Under three thousand IS fighters in Iraq and SyriaThe United States-led international coalition fighting Islamic State estimates fewer than 3,000 fighters belonging to the hardline Sunni militant group remain in Iraq and Syria.

Islamic State’s self-proclaimed caliphate crumbled this year in Syria and Iraq, with the group losing the cities of Mosul, Raqqa and swathes of other territory.

“Current estimates are there are less than 3,000 #Daesh fighters left - they still remain a threat, but we will continue to support our partner forces to defeat them,” US Army Colonel Ryan Dillon tweeted, using an Arabic acronym for Islamic State.

Dillon’s tweet was part of his response to an online question and answer session in which he said the coalition trained 125,000 members of Iraqi security forces, including 22,000 Kurdish Peshmerga fighters.

Asked if the United States planned to build permanent military bases in Iraq or Syria following the defeat of Islamic State, Dillon said it would not. “No - the Government of #Iraq knows where and how many from Coalition are here to support operation to defeat #Daesh; all bases are #Iraqi led,” he tweeted.

The coalition will begin a transition from retaking territory to consolidating gains, it later said in a statement following a meeting of its leaders with Iraqi military commanders.

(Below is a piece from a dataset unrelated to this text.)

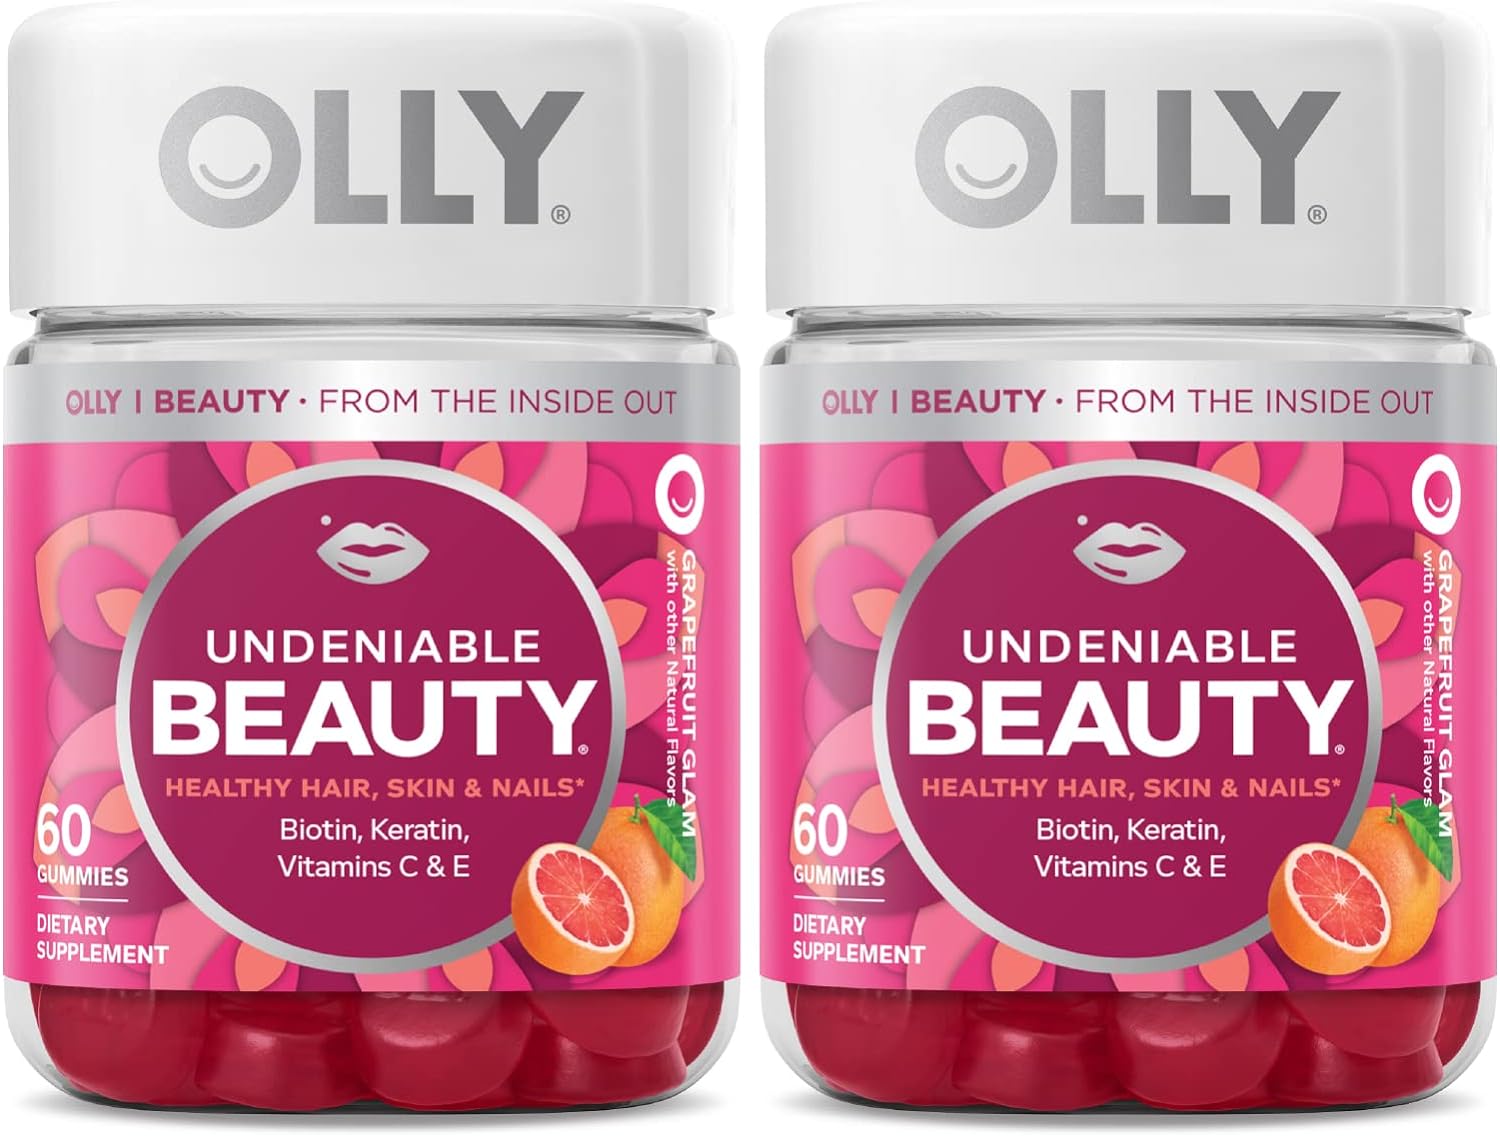 Olly Undeniable Beauty Gummy, For Hair, Skin, Nails, Biotin, Vitamin C, Keratin, Chewable Supplement, Grapefruit, 30 Day Supply - 60 Count
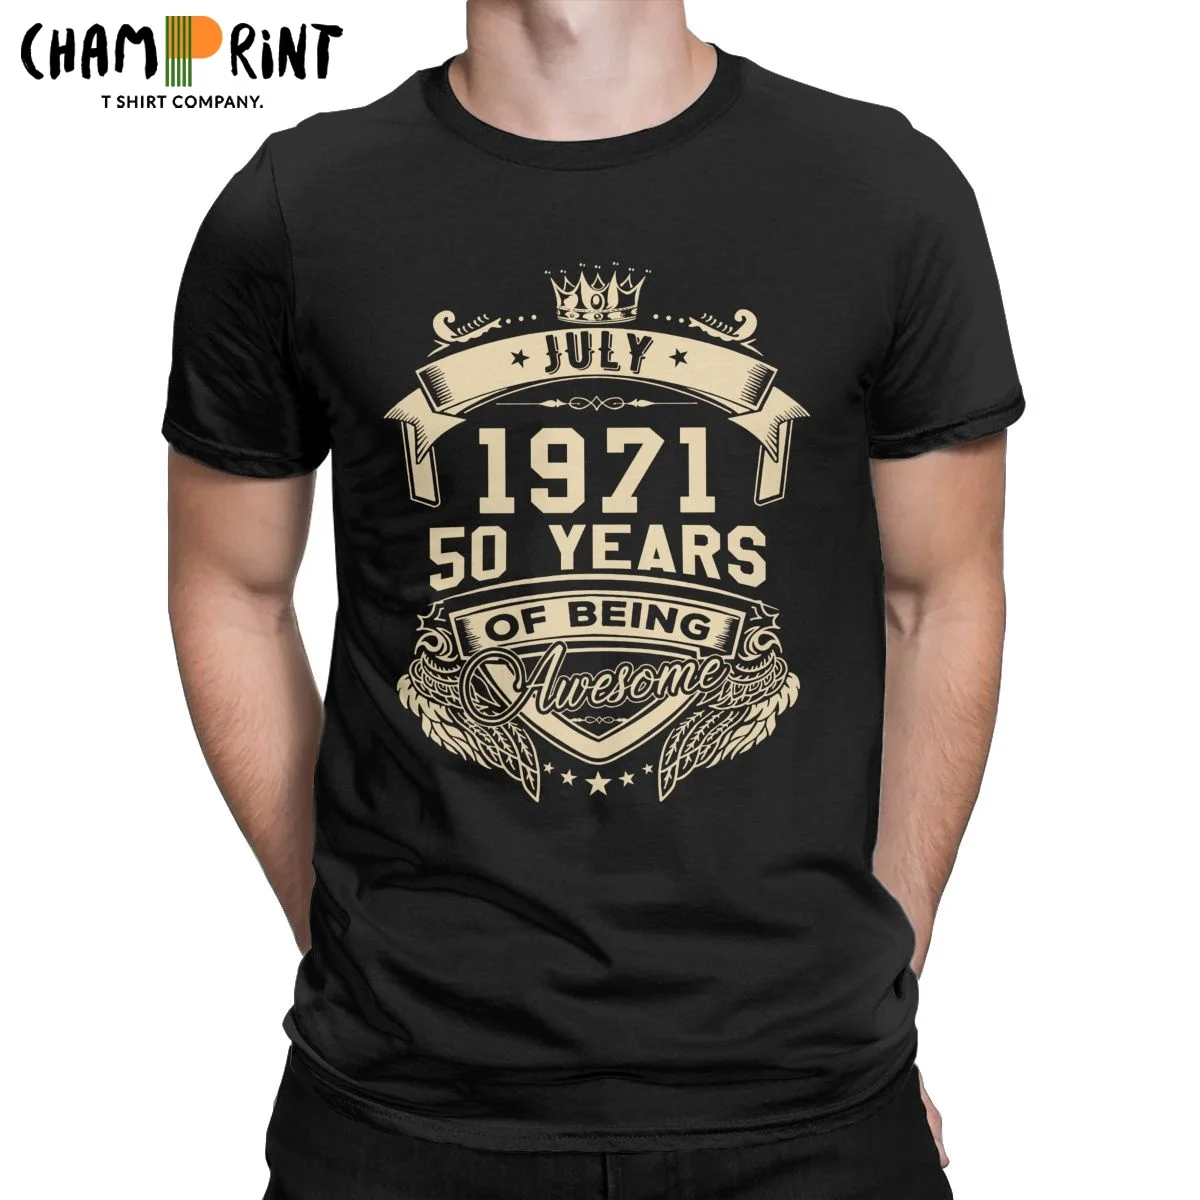 

Men's T-Shirts Born In July 1971 50 Years Of Being Awesome Limited Fun Cotton Tee Shirt Crew Neck T-Shirt Clothes Gift Idea

“We will continue to support our Iraqi partners in the battle against ISIS (Islamic State) with training, equipment, advice and assistance,” said Major General Felix Gedney, coalition Deputy Commander for Strategy and Support.

“The next phase will focus on provision of lasting security, while developing Iraqi sustainability and self-sufficiency,” he said.

The coalition was responsible for “liberating more than 4.5 million Iraqis and over 52,200 square kilometres of territory,” the statement said. It is under fire for the number of civilian casualties resulting from air strikes carried out in support of local forces.

Coalition strikes unintentionally killed at least 801 civilians between August 2014 and October 2017, a lower figure than that provided by monitoring groups.

Monitoring group Airwars says at least 5,961 civilians were killed in coalition air strikes.

The coalition says it goes to great lengths to avoid civilian casualties and it is still assessing 695 reports of casualties from strikes in Iraq and in Syria.